The EPRI report, as well as NEI 94-01 (see Section 11.2) refers to the expert elicitation as indicating that the Jeffreys prior leads to a conservative estimate. The staff, in its meeting with NEI and EPRI on June 17, 2005, noted many concerns about the expert elicitation used in the earlier version of the EPRI report. Without resolving these concerns, the staff cannot accept the expert elicitation results as indicating that the Jeffreys prior leads to a conservative result.
Justify the characterization of the estimates in Table 3-1 of the EPRI report, or just eliminate the table and state that the mean of the Jeffreys prior is being used, and that the mean of the Jeffreys prior is a best estimate.
- 3.
In the first paragraph on page 4-2 of the EPRI report, it is stated that 5/182 is the mean estimate for the probability of failure, given 5 failures out of 182 trials, and moreover that this estimate is more conservative than the 95% upper limit. In classical statistics, 5/182= 0.0274 is the maximum likelihood estimate, not the mean. The 95% upper limit, classically, is 0.057 (Clopper and Pearson upper bound, using the binomial distribution).
The maximum likelihood estimate is clearly less than the 95% upper bound. From a Bayesian point of view, the posterior mean, for 5 failures out of 182 trials, and using the Jeffreys non-informative prior for a proportion, is (5+0.5)/(182+1)=0.03, close to the maximum likelihood estimate. [Note that the Jeffreys non-informative prior for a proportion is given by (p-0.5(1-p)-0.5).] The Bayesian 95th percentile of the posterior distribution is 0.05325, clearly larger than the Bayesian mean.

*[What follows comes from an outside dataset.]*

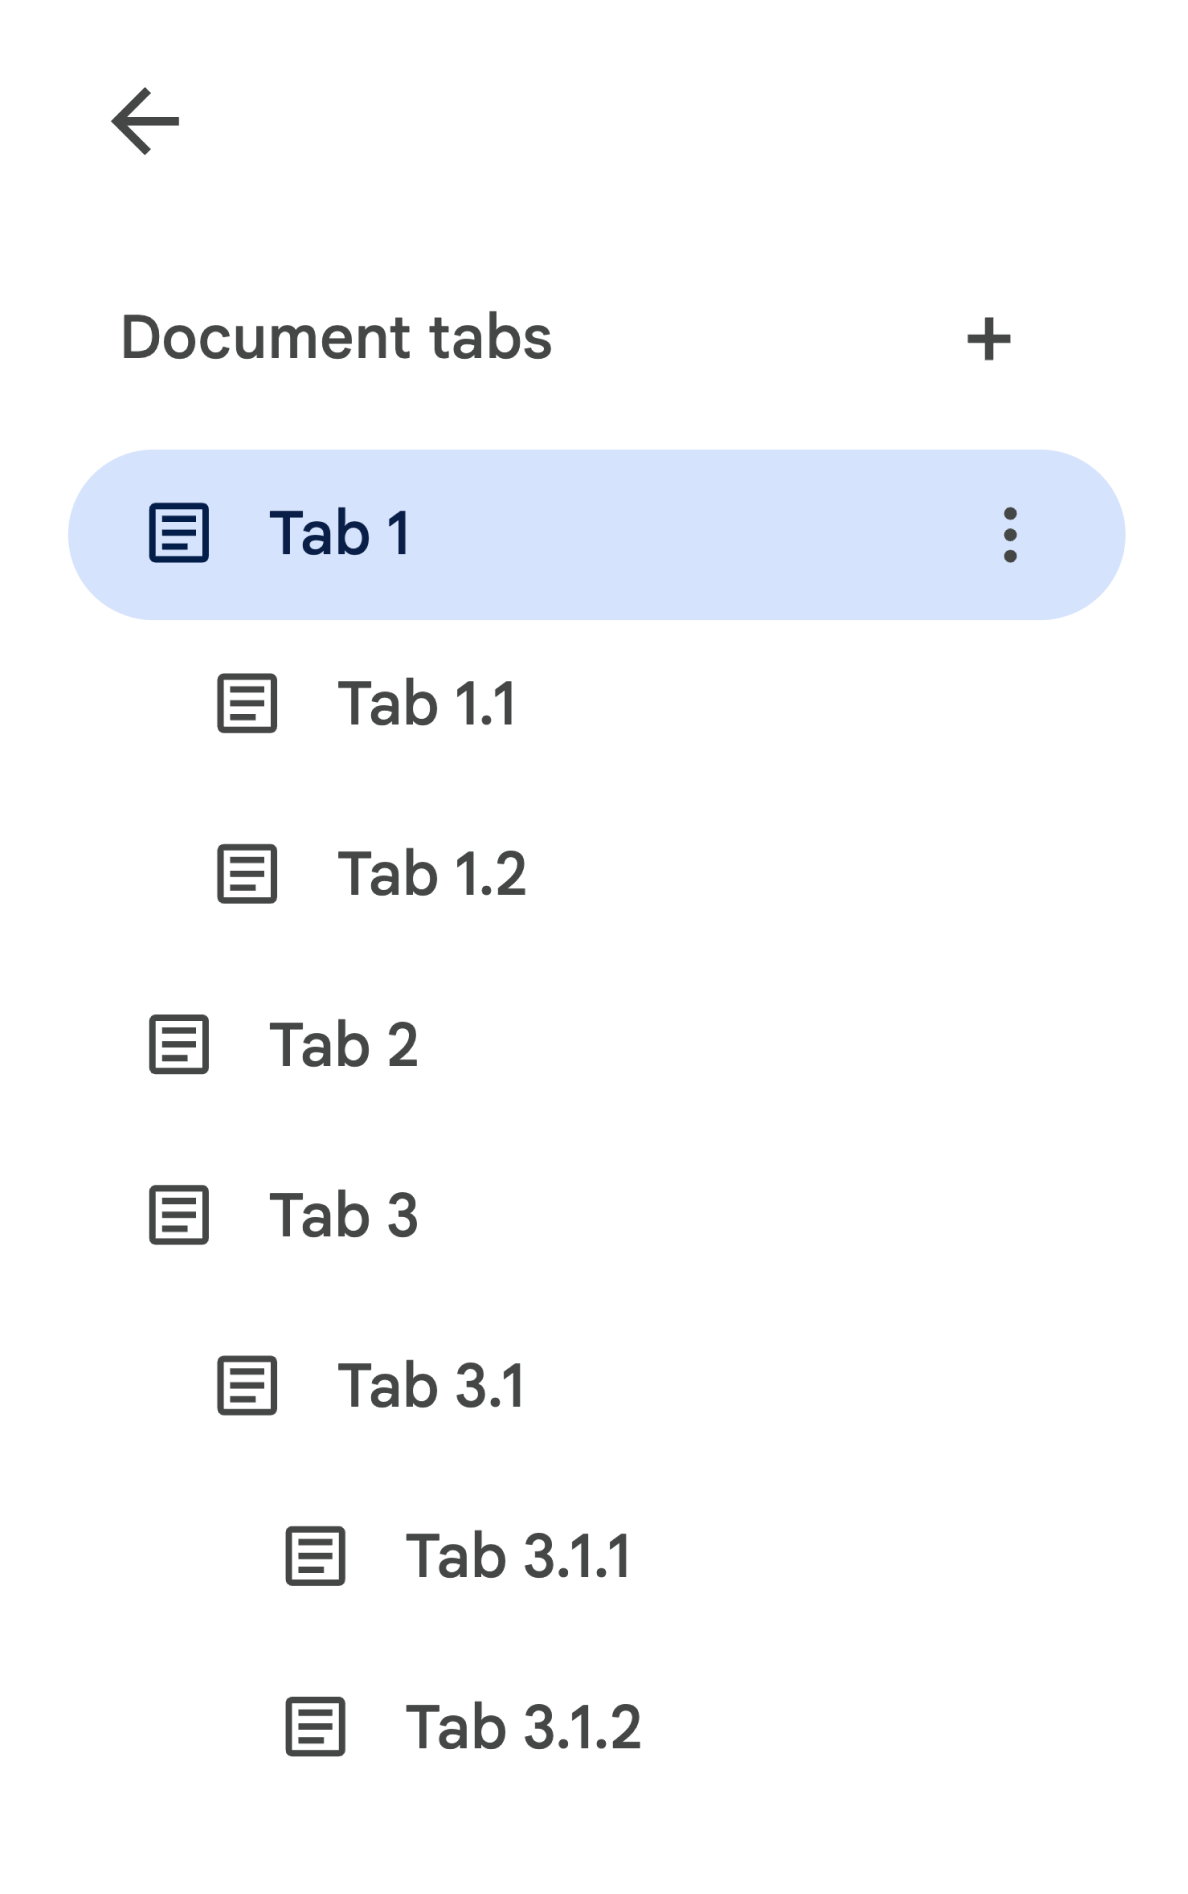 Tablist UI containing three top-level tabs, some of which have child tabs

Justify the statement that the mean estimate exceeds the 95th percentile estimate.
Alternately, delete the reference to the mean estimate being greater than the 95th percentile, and characterize the estimate 5/182 as the maximum likelihood estimate.
- 4.
The absolute change in population dose caused by the lengthening of the ILRT Type A test interval is frequently considered a better measure of the risk increase than is the percent change in population dose. For example, in cost-benefit analyses, the relevant measure is the (monetized) absolute change in population dose, not the relative change.
Please supply the absolute values of the change in population dose, in addition to the percent change.